Asked if he expects the amendment to get bipartisan support in the Senate, Lee responds: “I do in the sense that in the last Congress, we had a total of 67 senators who voted for a balanced budget amendment. We had 47 Republicans, all 47 Republicans in the last Congress, voting for the Hatch-Lee Balanced Budget Amendment, and then we had 20 Democrats that supported the Udall Democratic alternative.
“With those together, you have 67 votes — that’s the two-thirds super majority that it takes to propose a constitutional amendment from the Senate side. So I still am optimistic that we can get to the point where we can find enough consensus to get a balanced budget amendment proposed by Congress and submitted to the states for ratification.”
House Republicans passed the “no budget, no pay” bill, which raises the federal debt limit through May but withholds the pay of lawmakers in the House or Senate if their chamber fails to pass a budget by April 15.
Lee comments: “I certainly sympathize with the millions of Americans who have great frustration with the Senate. The Senate hasn’t passed a budget in nearly four years. This is a step toward pushing the Senate to do that and I certainly applaud any effort to do that.”
The raising of the debt limit is only temporary, but in any case Lee is confident that the nation will not default even if the limit is not raised.
“We have to remember that if we fail to raise the debt limit that does not amount to a default,” he says. “A default is what happens when we fail to pay the interest obligations that accrue under our debt. Section 4 of the 14th Amendment prohibits us from doing that. The revenue that comes through the door every single month is more than sufficient to cover our interest payment obligations on our national debt.
“I am, moreover, a cosponsor of a bill introduced by Sen. Pat Toomey from Pennsylvania that would prioritize our spending to make sure that things like payments on our national debt, Social Security payments, and salaries to our servicemen and women go out the door first. And we do have enough revenue to cover those things.”

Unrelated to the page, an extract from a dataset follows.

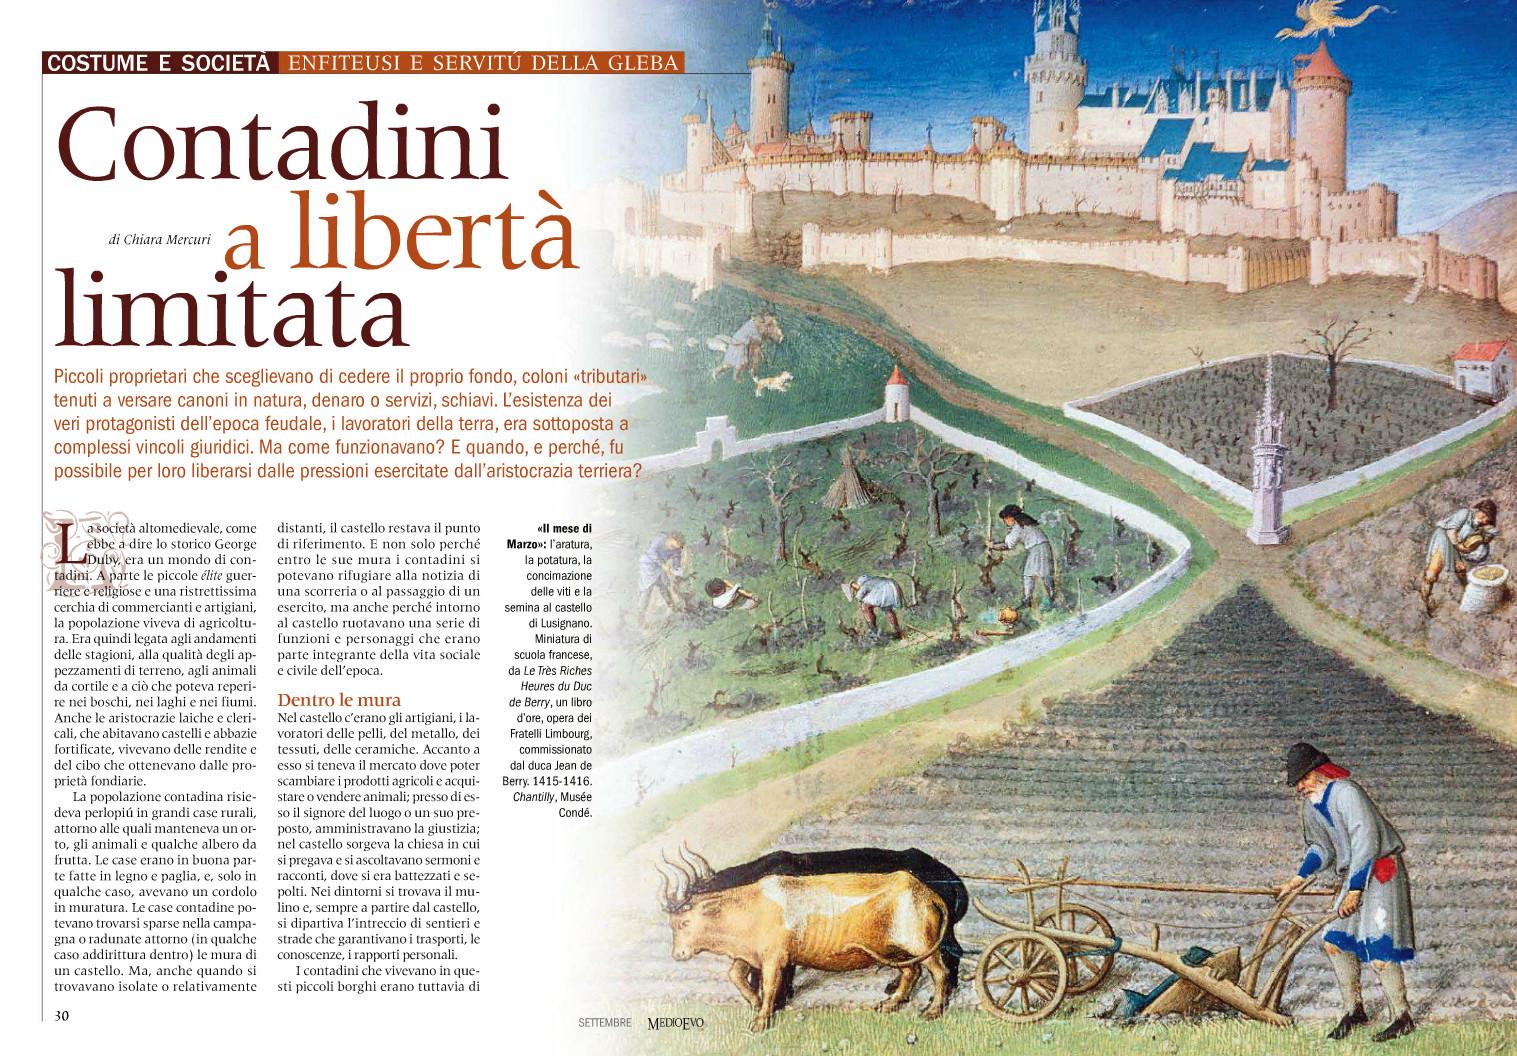 http://www.medioevouniversalis.org/images/MEDIOEVO/ENFITEUSI_E_SERVITU%27_DELLA_GLEBA_30-31_90.jpg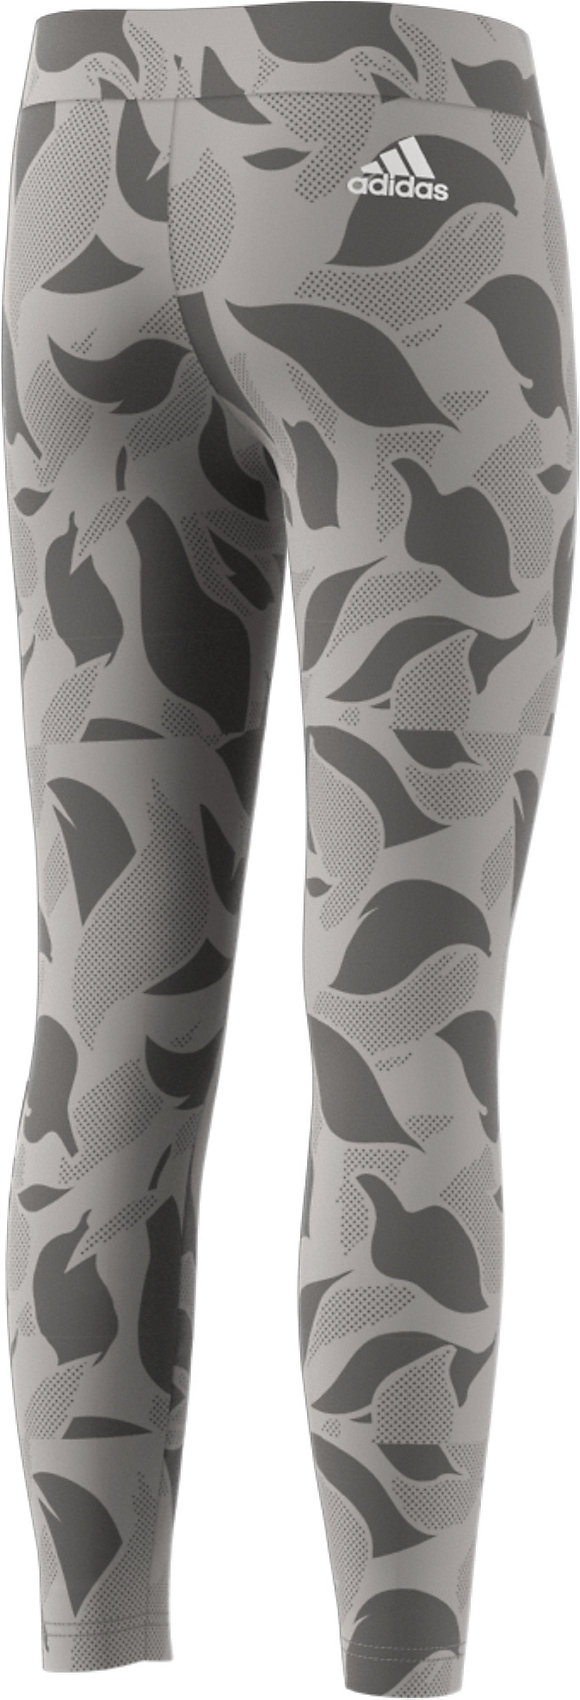 adidas performance leggings grau mädchen

Lee is a constitutional attorney and clerked for Supreme Court Justice Samuel Alito. Asked if President Obama’s executive actions on gun control are constitutional, he tells Newsmax: “It’s a complicated question in the sense that the president proposed 23 steps. A number of those steps are completely unobjectionable, things like appointing an ATF director. This is a position that’s already authorized by law, already provided for, there’s already office space for this person. So that’s not a problem.
“There are other areas in which the president is expected to introduce either executive orders or new regulations, but we haven’t seen the meat behind those. We don’t know what they look like. We don’t have a whole lot of details.
“But I will say this: I’m looking out every day to protect the Second Amendment and I’m also looking out every day for the fact that we as Americans understand that when our government becomes more restrictive, we become less free. And I want to make sure that whatever the president does doesn’t intrude either on our Second Amendment interests or on the rights and authorities of co-equal branches of the federal government or the rights of the states.”
Regarding Obama’s nomination of Chuck Hagel for secretary of Defense, Lee says he has “serious questions” about Hagel’s commitment to Israel and his positions on Iran, Hezbollah, and Hamas.
Lee also offers his take on the president’s inaugural address: “Insofar as the president was moving us in the direction of a bigger, more expensive national government, he’s taking us in the wrong direction, a direction that can result only in economic stagnation and more unemployment. I don’t think we want to go that way.
“He went off on some very divisive topics, many of which called for expansion of a bloated federal government that we already can’t afford.”